Once both per-application page profiles and memory resource profiles have been acquired, how they shall be used to perform profile-driven memory management depends on the class of system under consideration. Thus, we hereby distinguish between designs that apply to (1) microcontroller-

grade RTOS's where physical memory is statically provisioned at boot time vs. (2) rich microprocessor-grade, Linux-like RTOS or Linux-based (soft) real-time solutions, where physical memory is allocated via demand paging.

Profile-driven Boot-time Memory Allocation. In deterministic allocation settings where all memory is statically committed at boot, the page-to-resource assignment can be formulated as an offline optimization problem, akin to what was proposed in [62]. An optimal static mapping can then be computed based on application page profiles and MEM-SCOPE-provided memory characterization models. The main advantage of this solution consists of the ability to have a global view of the memory demand of all the tasks that will be active in the system and attempt to achieve a global optimum. Additionally, the allocation strategy is consistently applied at every boot, ensuring predictability across reset cycles. The main drawbacks are (1) the inherent complexity due to the high dimensionality of the problem, and (2) a costly re-evaluation of the full allocation strategy upon any update to the taskset. Profile-driven Runtime Memory Allocation. In systems that rely on demand paging or support open workloads, new tasks can be introduced at runtime. Moreover, physical memory may not be allocated immediately, but only when a page fault occurs, as is often the case in many soft realtime systems. Granted, it is customary to pre-fault memory pages at task creation to improve predictability. Pre-faulting a memory page forces the population of a page table entry early on (e.g., at process initialization) instead of performing it after suffering a page fault when the page is accessed for the first time (a.k.a., demand paging). This reduces the number of page faults that occur when a program accesses a virtual memory page not yet mapped to physical memory. In the worst case, page fault handling might require interaction with I/O devices (e.g., fetching data from disk), resulting in slower and/or less predictable execution. In classes of systems that primarily rely on demand paging, a more practical approach to enact profiledriven heterogeneous memory allocation consists of leveraging heuristics. Indeed, global/static memory provisioning might overly constrain the system, and relying on heuristics that use profiling information to guide memory placement decisions as they occur is preferred.

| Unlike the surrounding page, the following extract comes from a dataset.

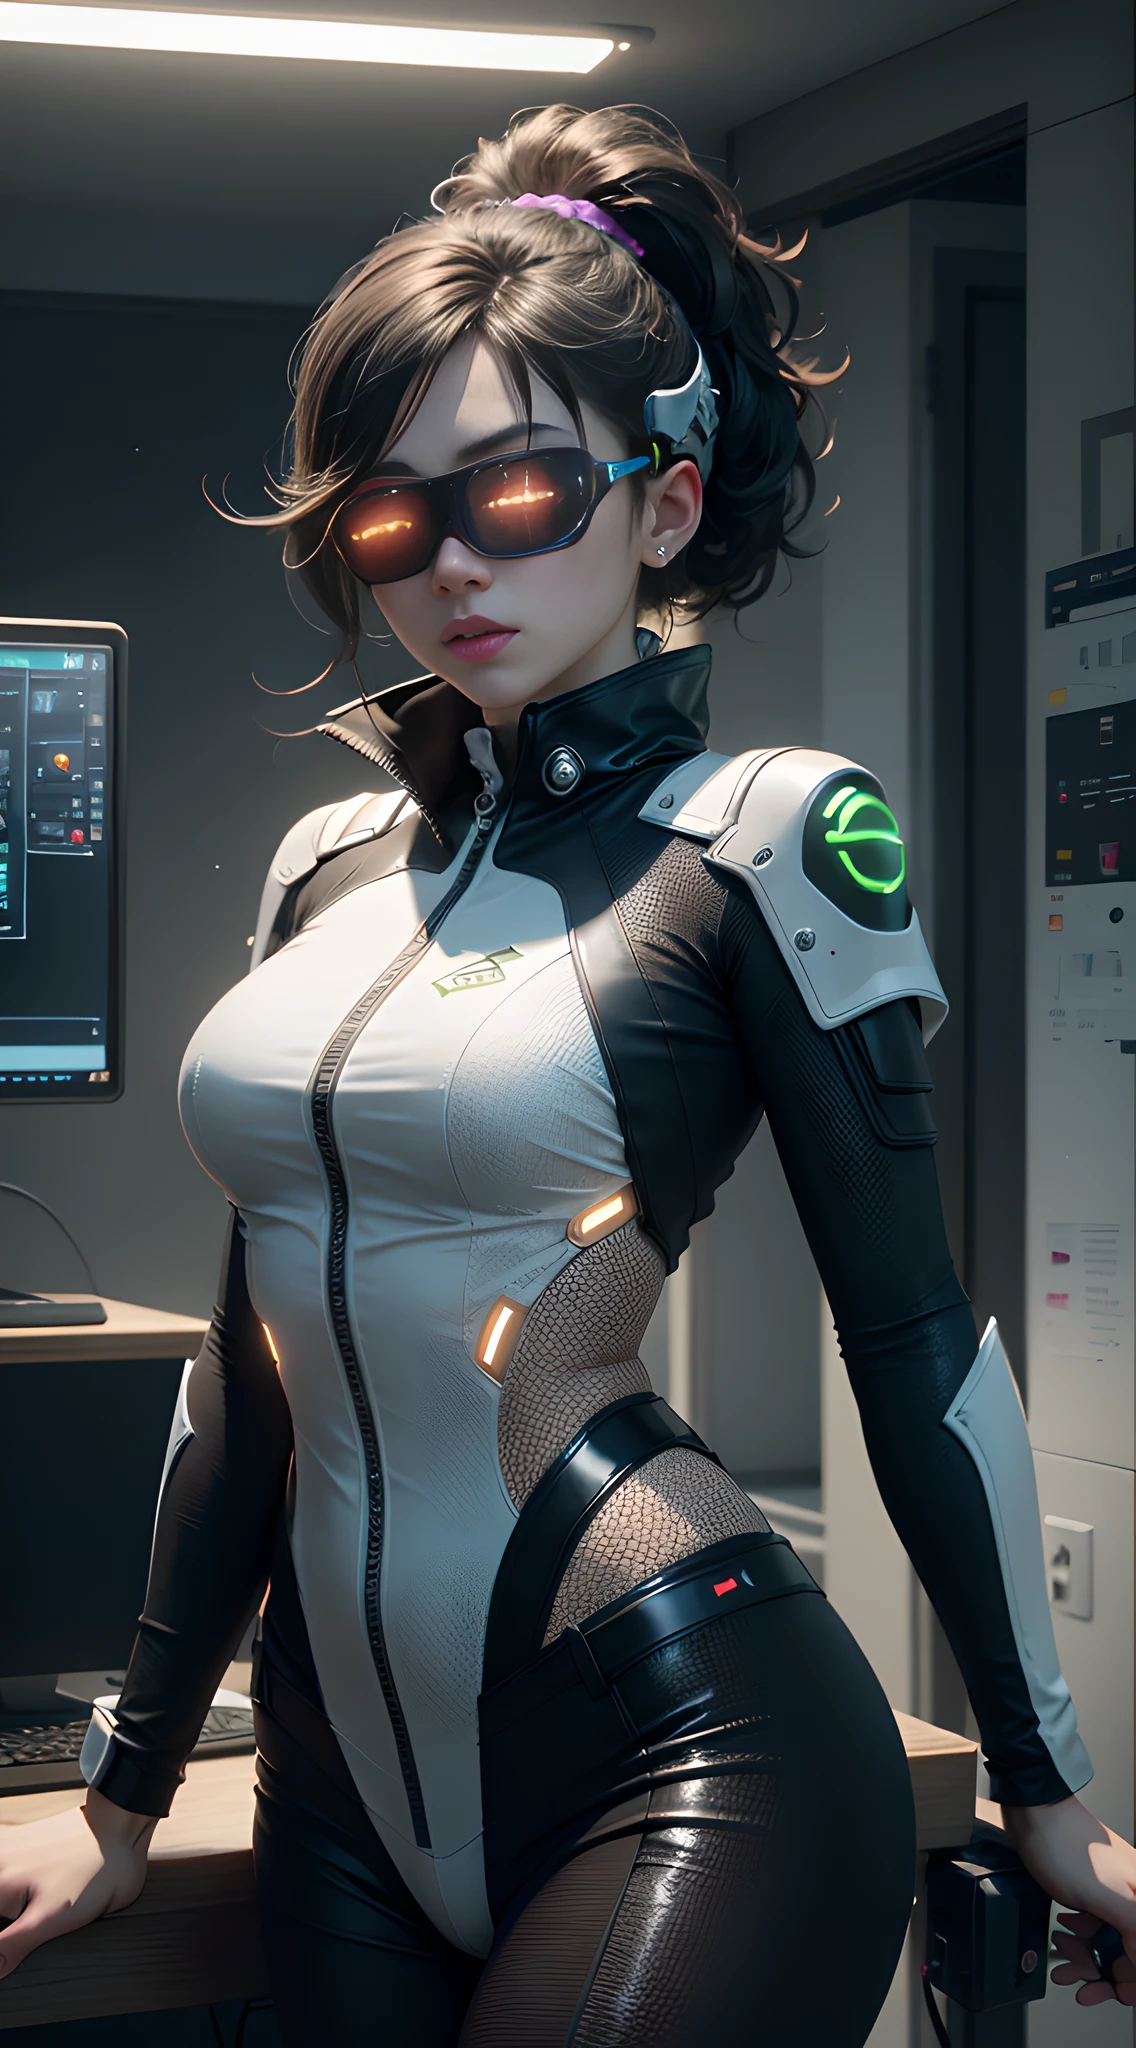 （（bestquality））， （（master masterpiece））， （Very Detail：1.3）， 。.3d， Beautiful （Cyberpunk：1.3） Female hacker，Mohican hairstyle，Looking at the Audience，Thick hair，Operate a computer terminal，Head-mounted display，Computer server，LCD screen，Fiber optic cable，Company logo，hdr（High dynamic range），Ray Tracking，NVIDIA RTX，Super-Resolution，Unreal 5，sub-surface Scattering，PBR textures，Post-processing，Anisotropic filtration，depth of field，Maximum clarity and sharpnesulti-layer textures，Albedo and highlight maps，Surface coloring，Accurately simulate light-material interactions，Perfect proportions，Octane rendering，Duotone illumination，Low ISO，White balance，trichotomy，Wide aperture，8K RAW，Efficient sub-pixel，Subpixel convolution，Luminous particles，Dynamic pose

A key requirement for these heuristics is that they remain lightweight because their runtime will directly contribute to the page fault handling latency. As such, any added overhead might directly impact the task's WCET. This is a lesser concern if real-time tasks are engineered to systematically pre-fault the required memory at initialization time. But even then, implementing long-running routines inside a kernel-level allocator must be avoided to prevent blocking of other user-space real-time applications.

Ultimately, a hybrid approach might be the most desirable in this context: more complex and optimal policies can be employed at process creation for pre-faulted pages, while lightweight heuristics are leveraged for runtime demand paging. Balancing the use of the two approaches effectively allows trading off slightly longer process startup time for better

allocation decisions and less pessimistic WCET.

**Integration Roadmap.** As it emerges from the discussion above, while MEMSCOPE constitutes a fundamental building block towards OS-level profile-driven heterogeneous memory management, dedicated research efforts are still necessary to this end. Exploration of the outlined next steps constitutes part of our ongoing research roadmap. In particular, our efforts are currently directed towards (1) the integration of profiling information for both memory resources and application pages in a microcontroller-grade RTOS; and (2) the design of midcomplexity and low-complexity heuristics that can be employed in microprocessor-grade RTOS's to handle pre-faulted pages and demand paging requests, respectively.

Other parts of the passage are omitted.